Она выскальзывала из дрожащих рук своего спутника. Он видел ее лицо, черты которого то искажались, то опять успокаивались, словно ужас сменялся в ней опьянением. И оба они, переходя с одного порога на другой, переходя от света к тени, от тени к свету, шли, повинуясь бесконечной тоске.
-- Может быть, это? -- промолвил Паоло, перегибаясь через подоконник.
То было лишь бледное воспоминание того висячего сада с его крапивой, старыми украшениями и витыми колонками. Тритон трубил в трубу, прилепившись к облупленной, запятнанной стене; там и сям горели маки, как разбросанные огоньки. Ласточки казались чернее и небо дальше.
-- Можно ли представить себе что-нибудь печальнее этого на земле? -- сказала женщина, отодвигаясь от окна.

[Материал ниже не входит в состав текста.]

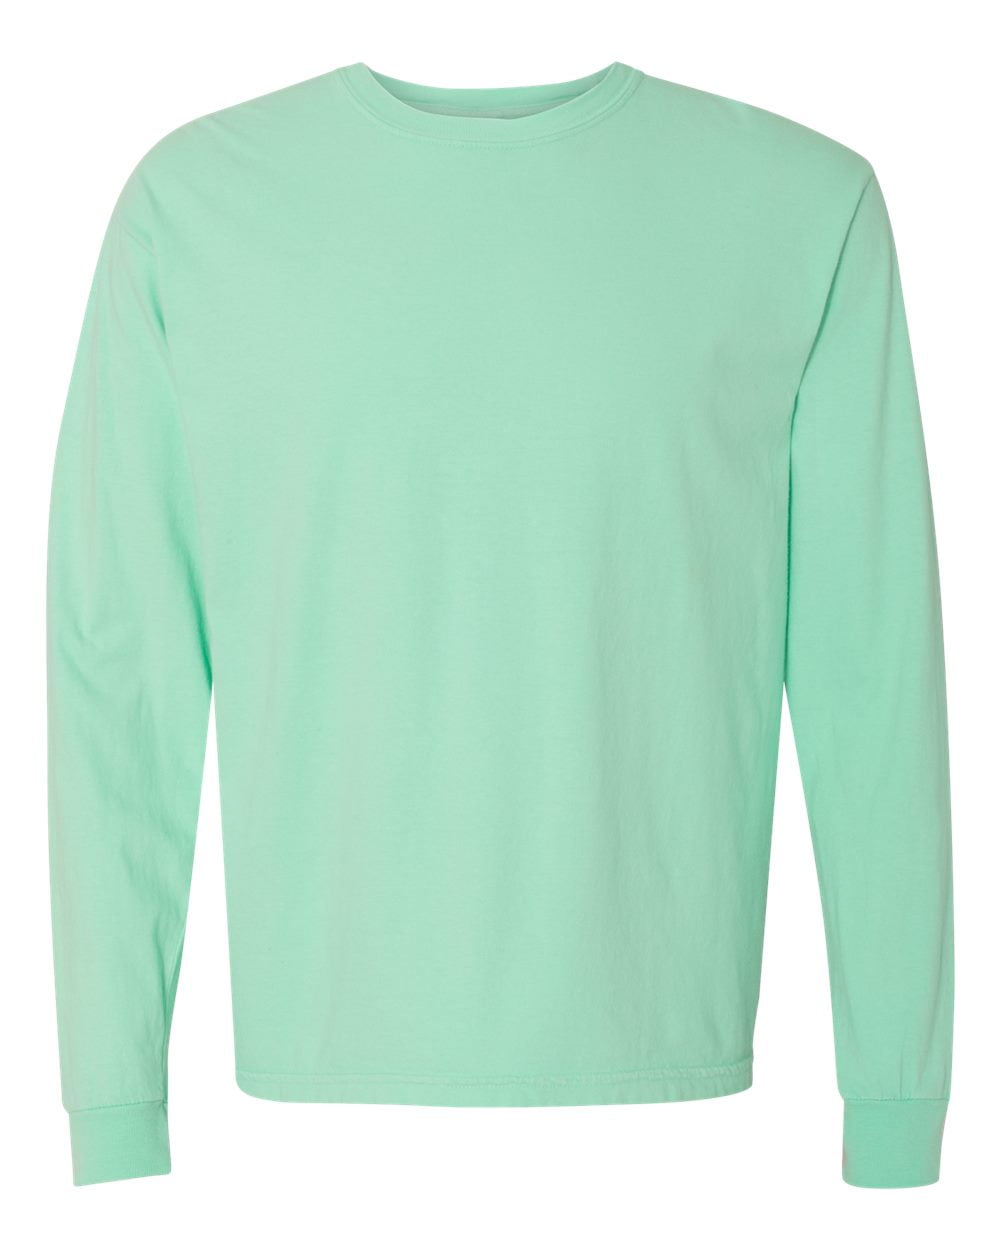 Comfort Colors Garment-Dyed Heavyweight Long Sleeve T-Shirt - Walmart.com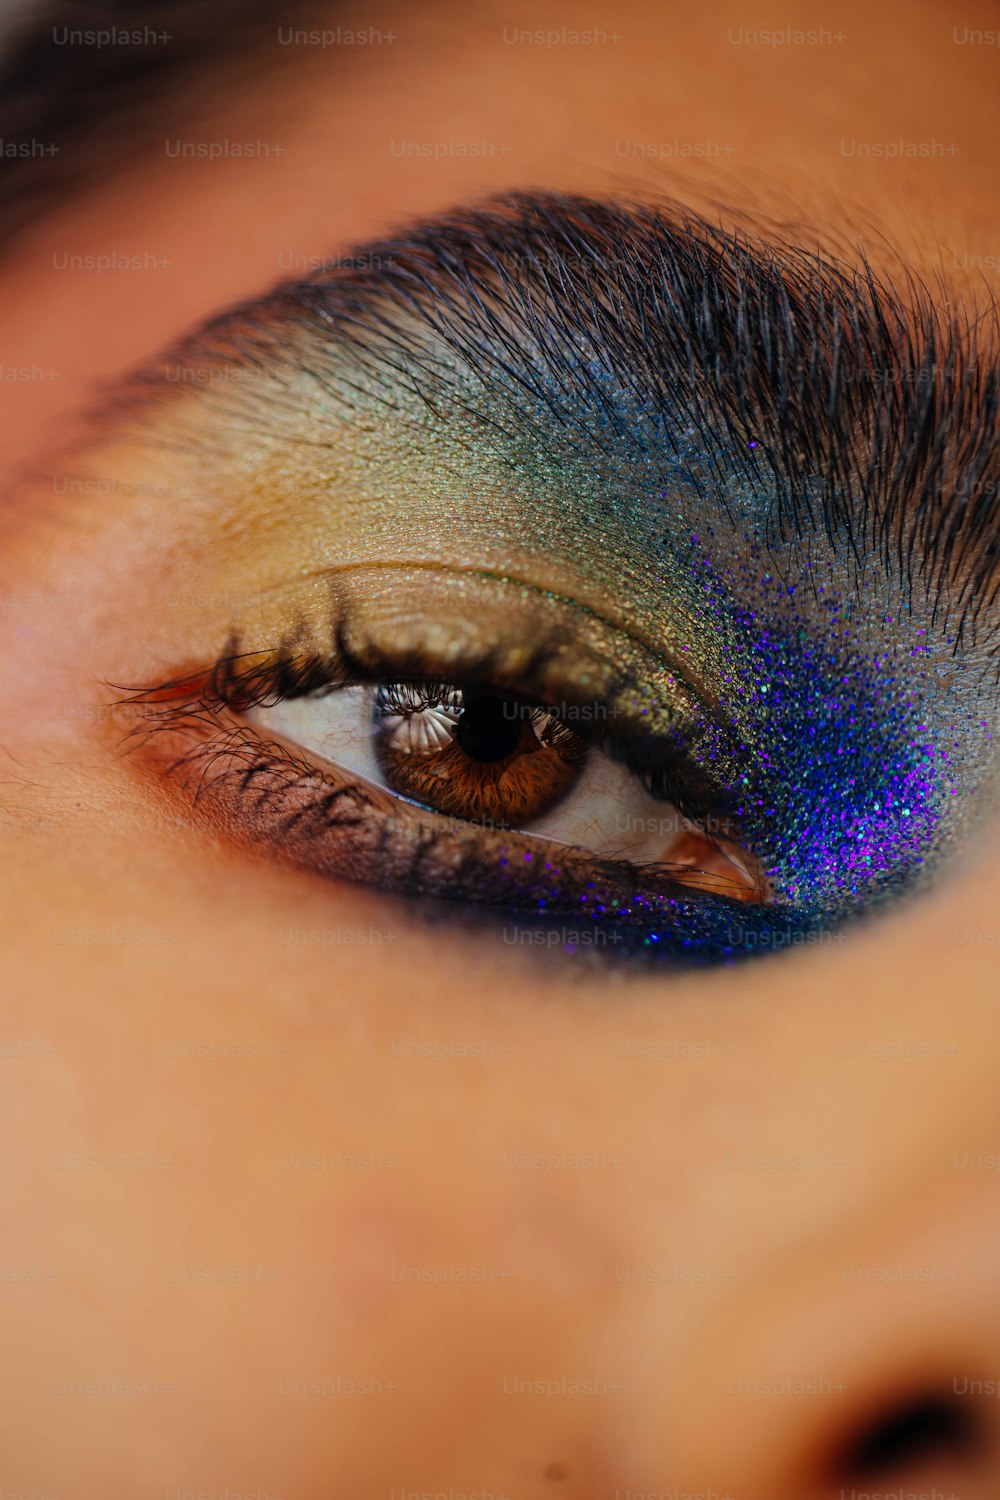 eine Nahaufnahme des Auges einer Person mit einem blauen und grünen Lidschatten

Снова встала безнадежность: почерневший от дыма колпак над печью; ряд заколоченных окон; коридор, забрызганный известкой; двор с человеческими испражнениями на стенах и с задвинутым засовом калитки; каменная лестница со стоптанными ступенями; и другой коридор, похожий на старый больничный, и еще другая, широчайшая лестница, с опустелыми нишами по стенам, и внизу ее прескверная дверь, сколоченная из разъехавшихся досок с поперечными планками, которая, несмотря на это, казалась неприступнее, нежели тройная бронзовая; она была заколочена и вела неизвестно куда.
-- Изабелла!
-- Я боюсь, боюсь.
В горле своем она чувствовала ужасное клокотанье жизни. Все, и внутри ее и снаружи, казалось ей предвещающим гибель.
-- Где мы? Уже вечер?
Он опять взял ее за руку, как бы для того, чтобы увести; и внутри него, и снаружи все казалось ему предвещающим гибель. Они ступали по собственному трепету, как по натянутой дрожащей веревке.
-- Ах, не могу больше!
У кого из двух вырвался этот вздох? Здесь было двое уст, но одна была тоска, и совместными силами своими они не могли выдержать ее.
-- Не могу больше!
Неожиданно для себя вступили снова под сень лазури и золота, снова услышали властную мелодию, снова увидели сияние длиннейшего дня в году.
-- Может быть, может быть, может быть...
Навстречу золоту и лазури подняла она лицо; и ее же душа носилась над ее головой, роскошная и непонятная, усложненная тысячью узоров созвездий. Мутными глазами она читала чудовищную речь, написанную бесконечное число раз посреди дедаловых путей, посреди лазурных полей.
-- Может быть, может быть, может быть...
Она сказала ему эти слова из уст в уста; они проникли ему в горло, в самое сердце; в это время он держал пальцами ее подбородок и устами пил ее дыхание, ее сокровеннейшее дыхание, которое знают одни только кровеносные жилы, сновидения и мысли.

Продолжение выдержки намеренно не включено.